Есть еще одно качество нашей страны, которое тоже можно взять за межвременной вектор. «У России только два союзника — армия и флот», — говорил в свое время российский император Александр III. Заметьте, время его правления — едва ли не самое спокойное в истории нашей страны. Серьезных войн при Александре-миротворце не было. Не потому ли, что самодержец не только говорил, но и действовал, исходя из этого тезиса?
Почему Россия с давних времен как кость в горле у политиков и историографов многих европейских стран?
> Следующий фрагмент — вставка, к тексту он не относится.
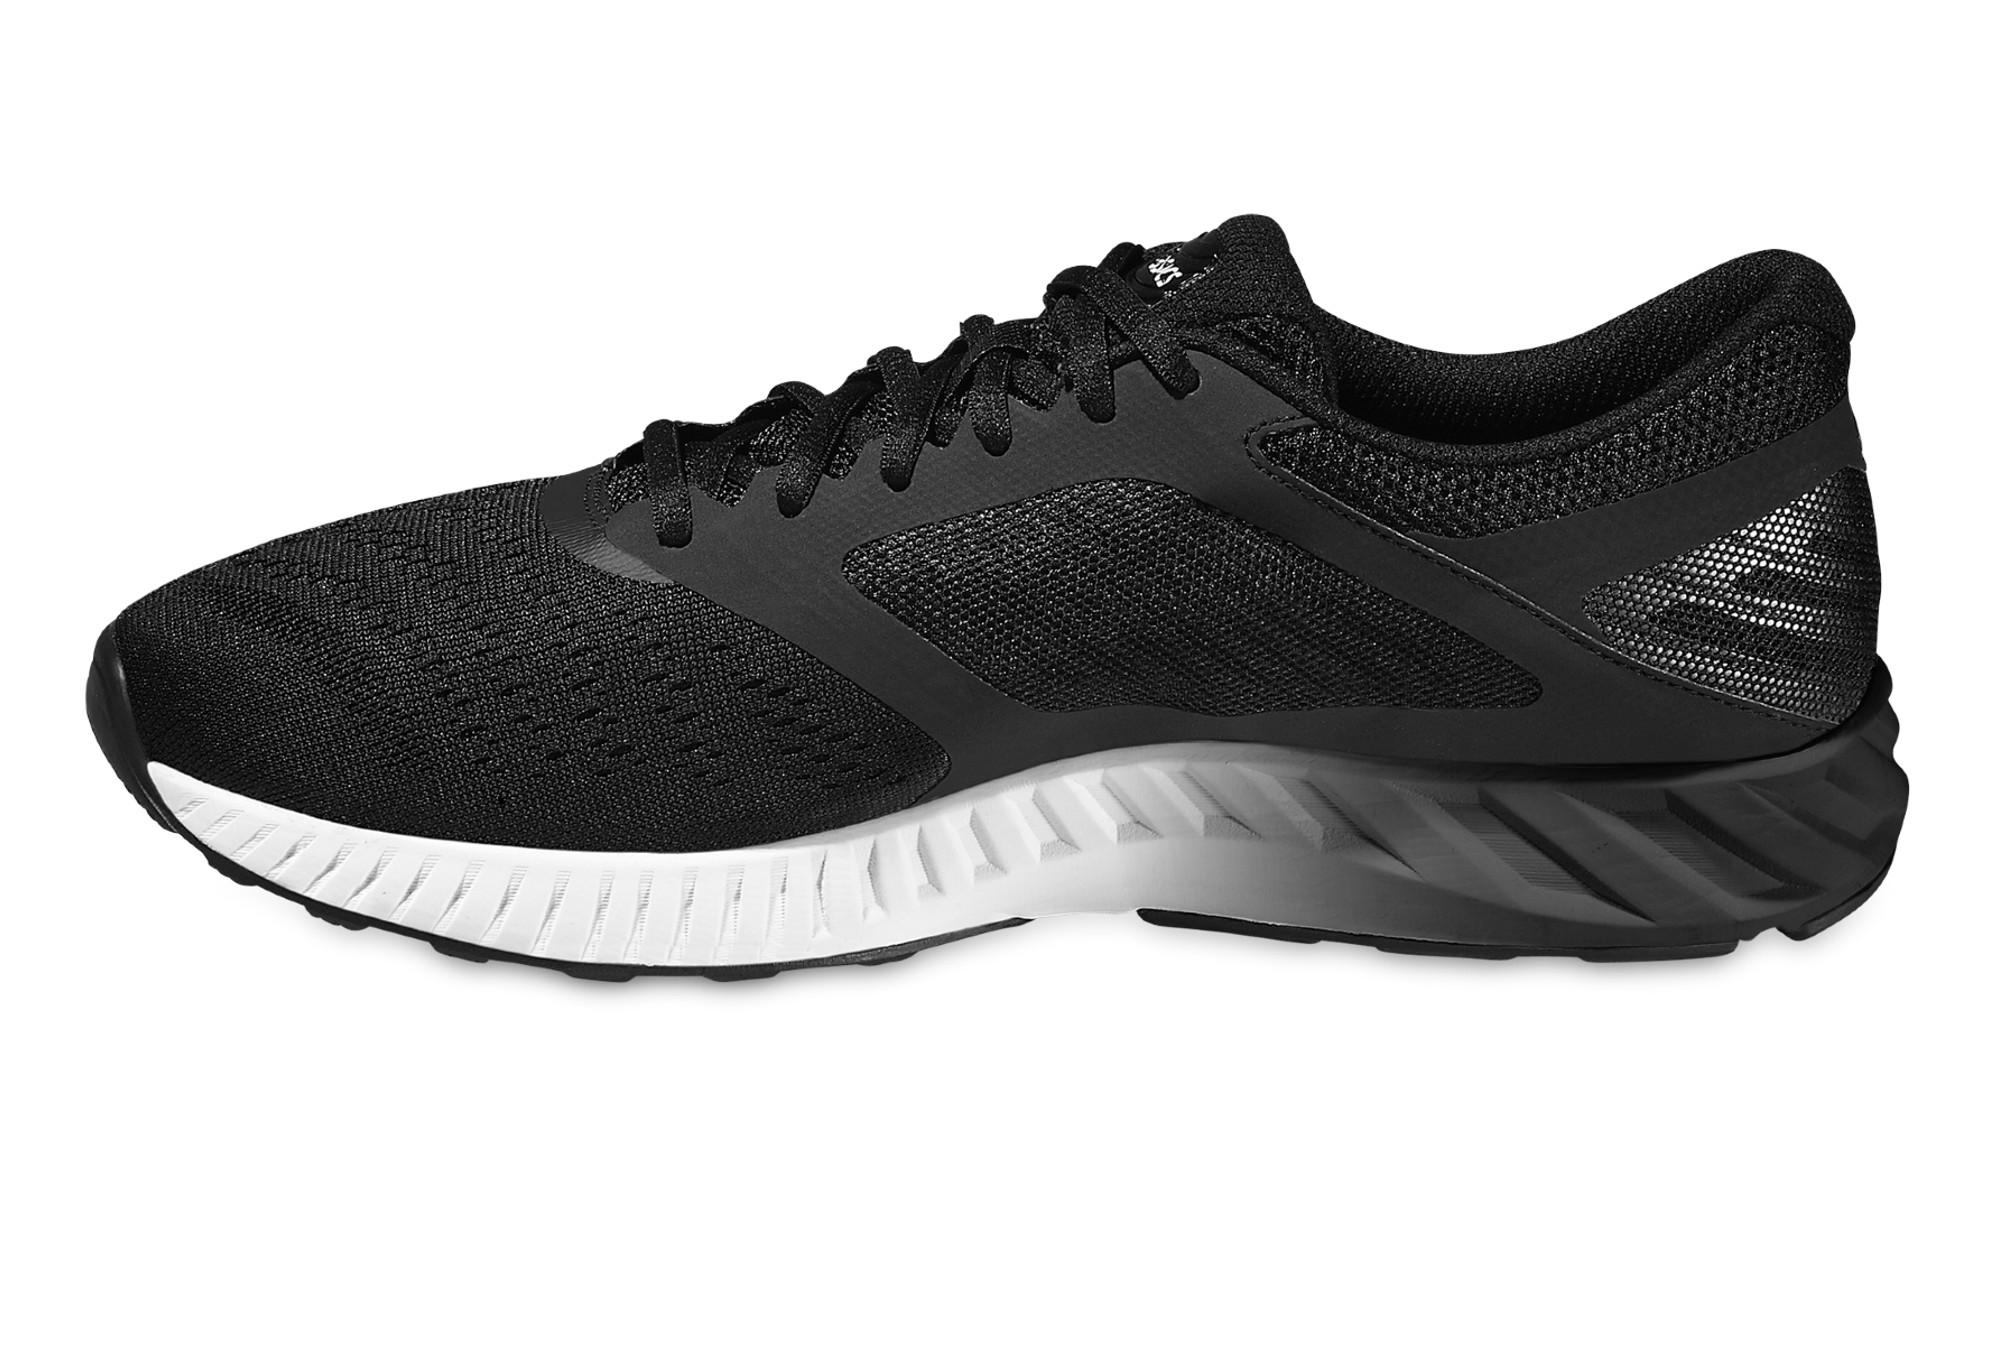 Noir Chaussures Lyte Fuzex Asics De Blanc Running gnUqpFwf

Нас недолюбливают и боятся, всячески поддерживая меж собой именно этот имидж… Впрочем, понять их можно: татаро-монгольское нашествие так или иначе ослабло (а в конце концов иссякло) именно в наших землях, и не только в результате военных действий; наполеоновские войска потерпели поражение в России, после чего так и не смогли оправиться; подавляющее большинство гитлеровских дивизий полегли в наших землях… Однако у западных историков свой взгляд на эти события, и России там отведена весьма неадекватная роль. Сильная Россия не нужна им даже в учебниках.
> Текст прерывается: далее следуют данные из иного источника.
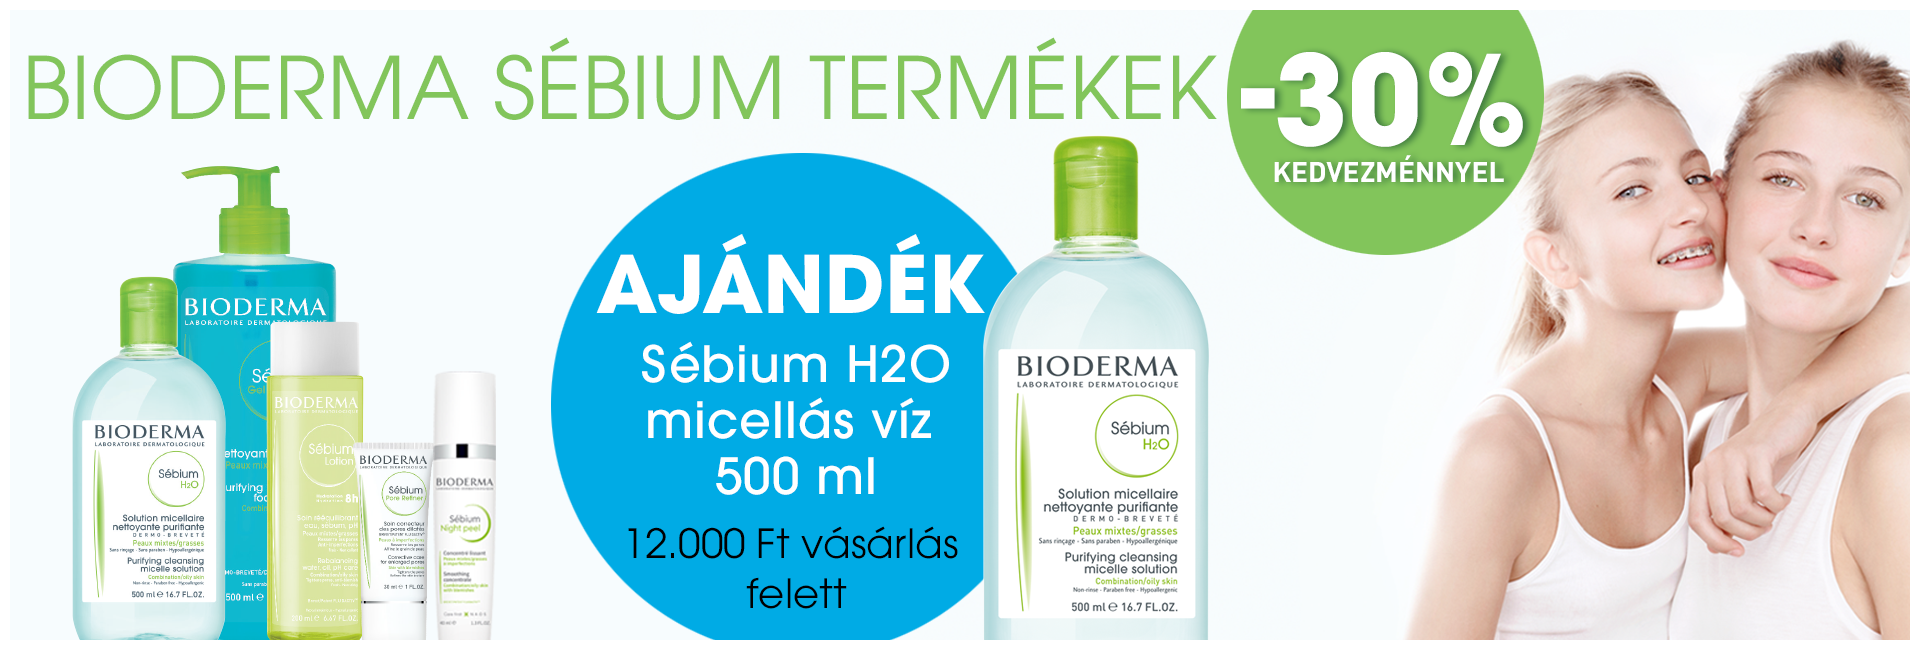 2020. szeptember 30-ig minden Bioderma Sébium terméket 30% kedvezménnyel kínálunk!

Любая война, даже проигранная, делала нашу страну сильнее. Это касается даже явного поражения в Первой мировой, последовавшей революции, Гражданской войны и колоссальной разрухи. Но потом началась индустриализация (несомненно — на костях), которая в сплошном недружелюбном окружении сделала страну сильнее, а стало быть — еще страшнее для недругов.
После Второй мировой многие ждали, что СССР, ослабленный войной, без лендлиза не сможет восстановить разрушенное народное хозяйство, и скоро страну можно будет брать голыми руками. Не дождались и до сих пор удивляются…
Но ведь на самом деле нужно побаиваться страну, народ которой способен без страха и сомнения отдать миллионы жизней за свободу Родины, выстоять в самые тяжкие времена, но не пропустить врага. Может быть, сказываются как раз не исчезнувшие окончательно гены монголов?
Другой разговор, что таких потерь могло быть гораздо меньше. Однако это качество было присуще русским полководцам всегда, начиная с Куликовской битвы, — не считаться с потерями. Даже Суворова это не слишком заботило, а Георгия Жукова — тем более… Веками культивировался тезис «Умереть за землю русскую — святое дело». Попробуйте поставить в этой фразе вместо слова «русские» какую-то другую национальность, и вы поймете, как нелепо это звучит.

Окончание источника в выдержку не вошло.